#### Given information ####

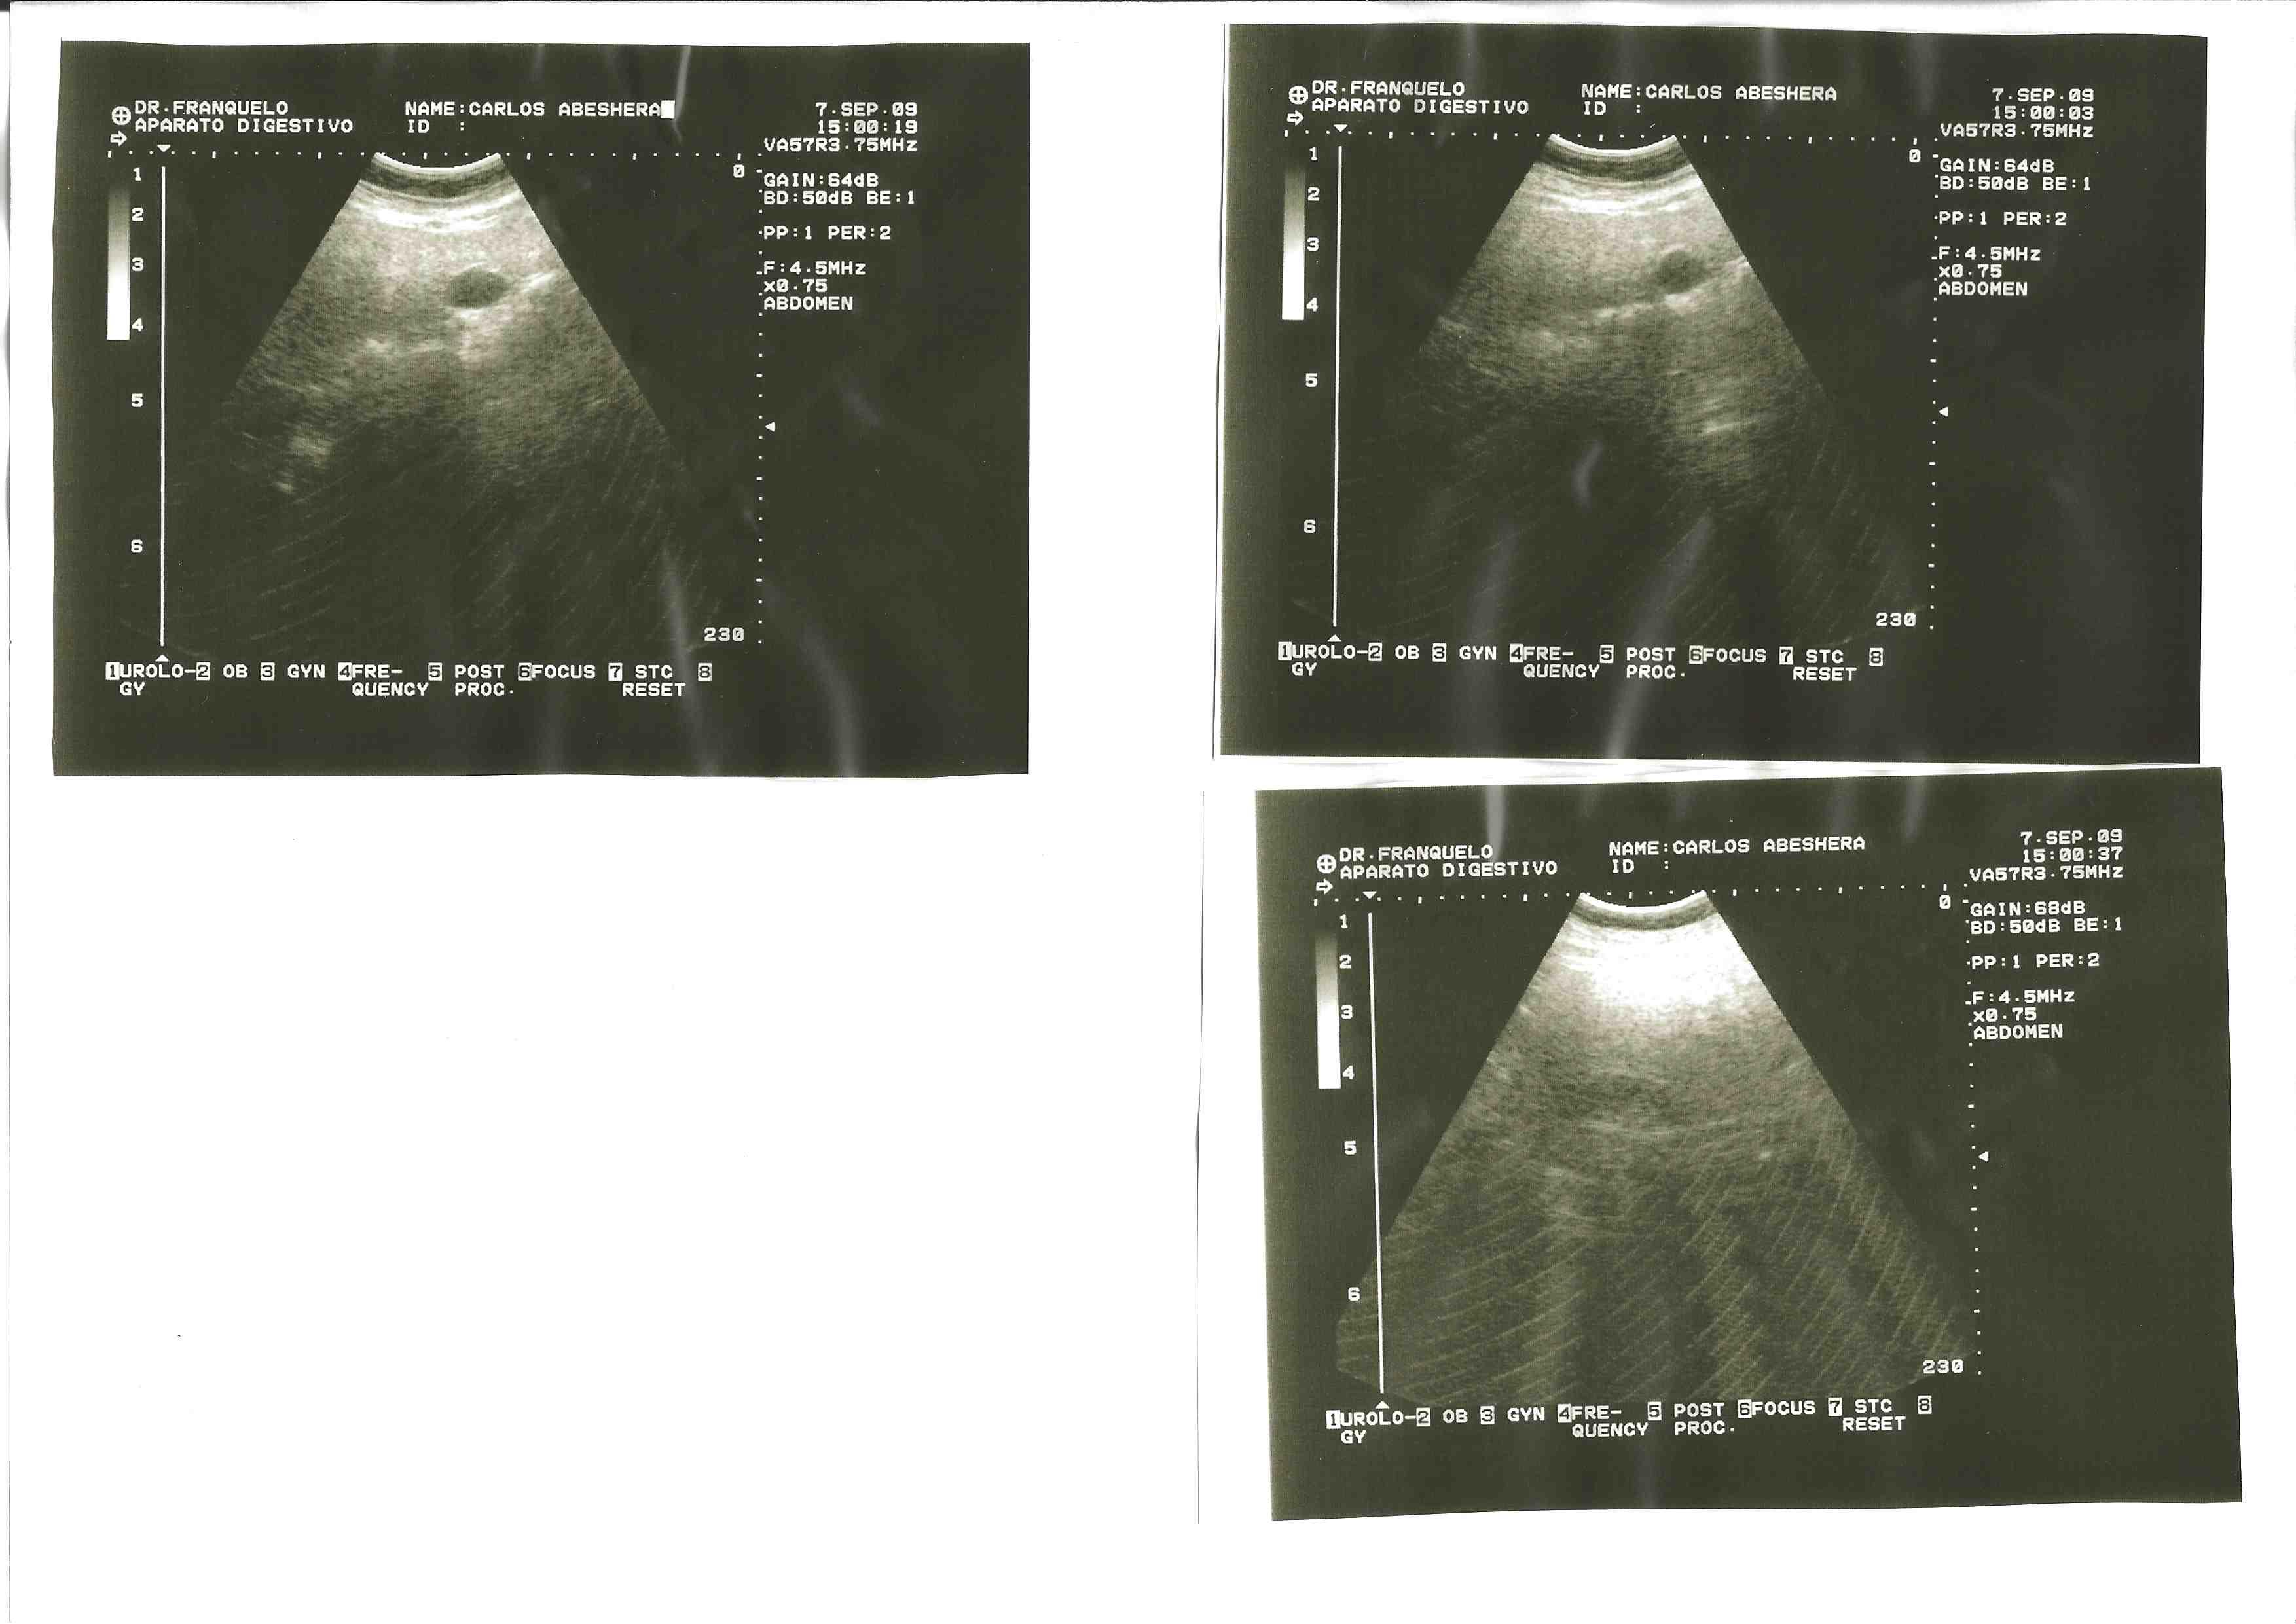 4 - 7 Septiembre 2009 - Digestivo
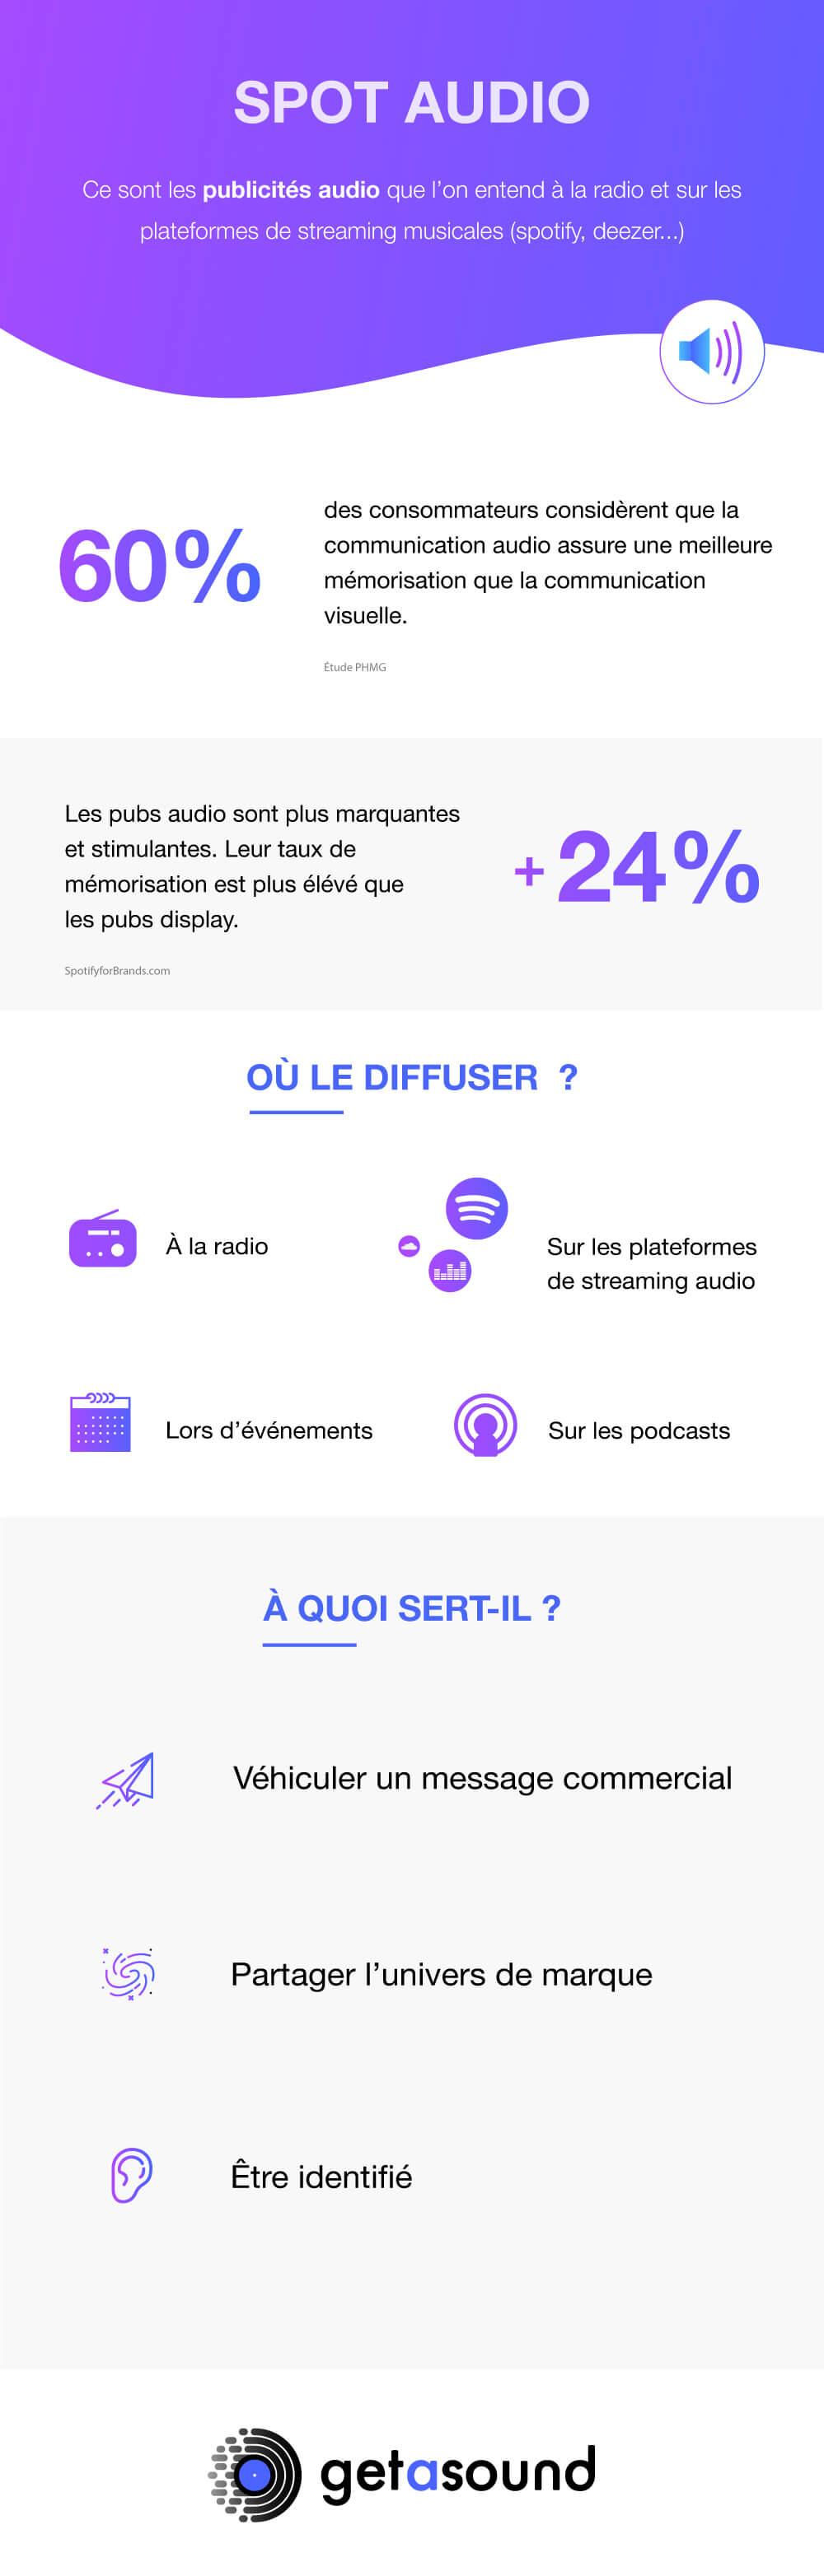 Infographie spot audio
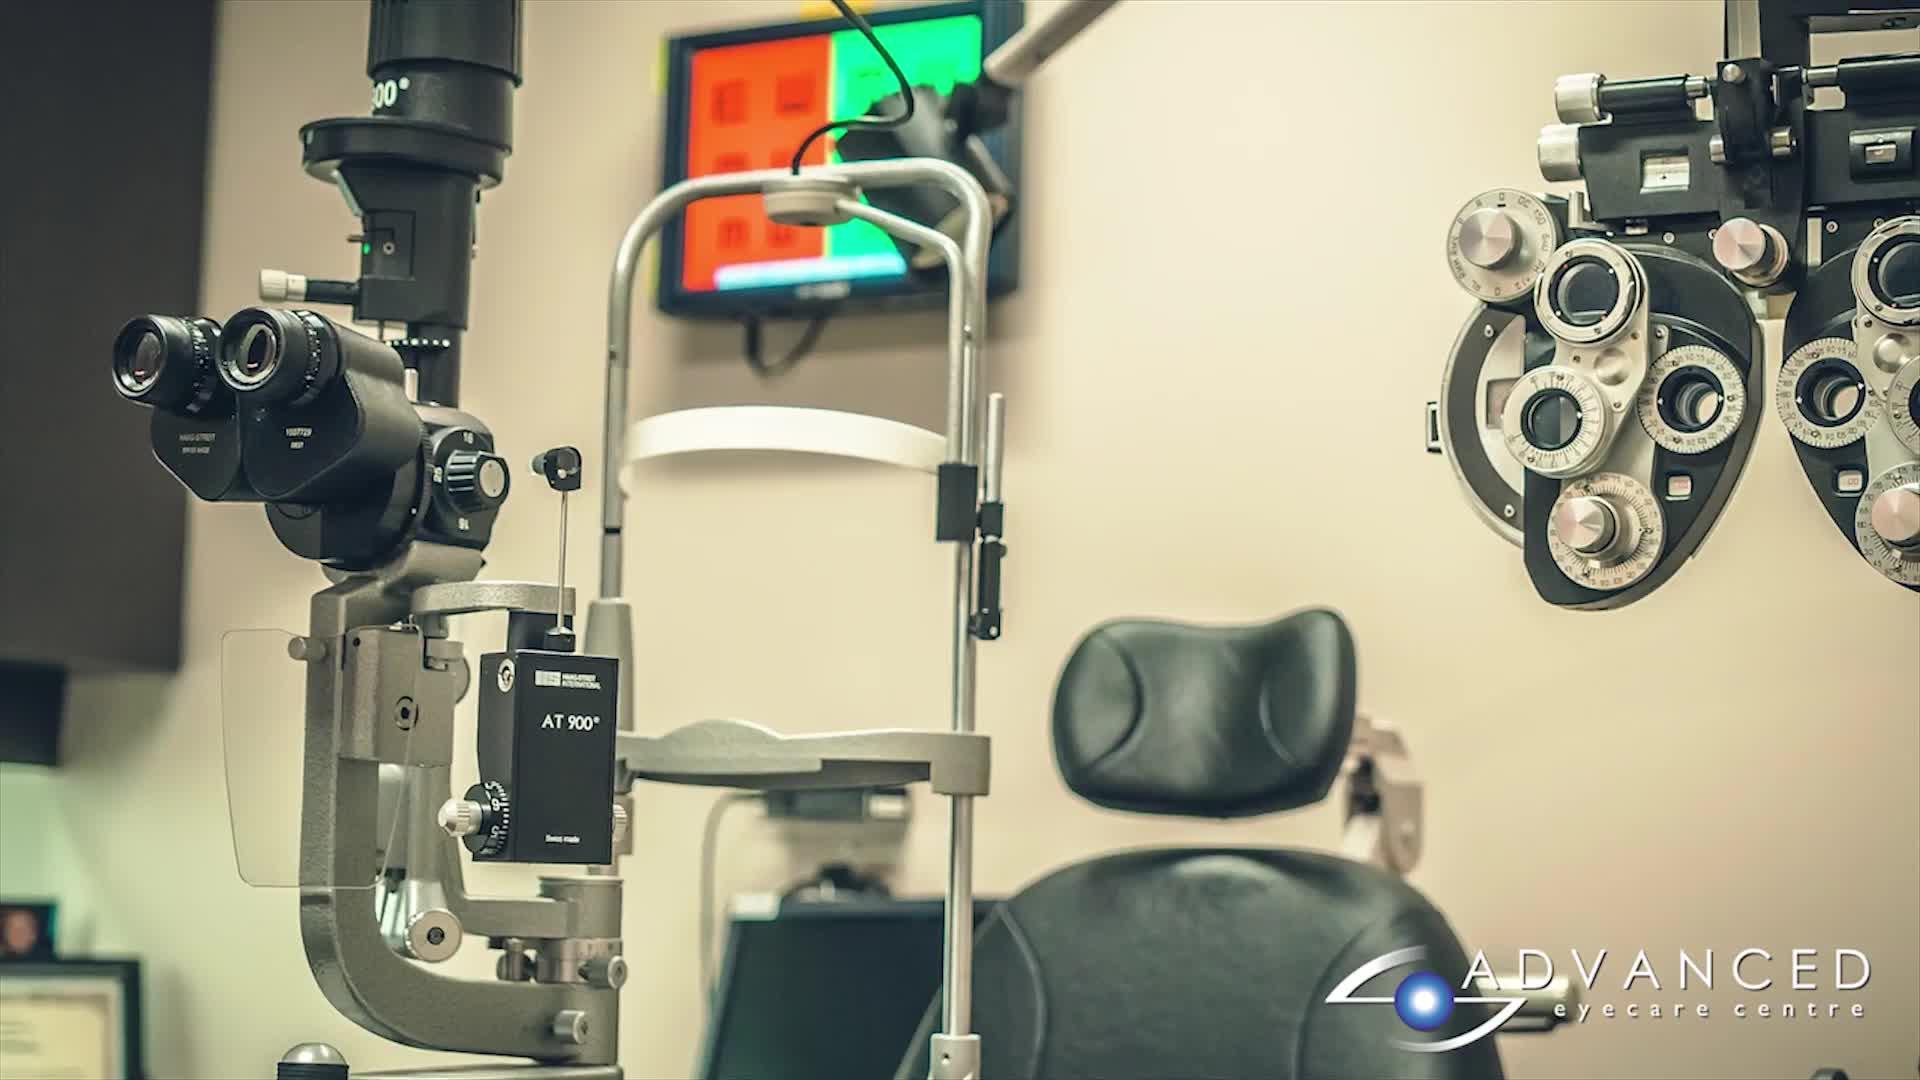 Advanced Eyecare Centre - Eyeglasses & Eyewear - 403-233-0405

####

Output the listing above exactly, but leave its pictures behind.

 4 - 7 Septiembre 2009 - Digestivo
 Infographie spot audio
 Advanced Eyecare Centre - Eyeglasses & Eyewear - 403-233-0405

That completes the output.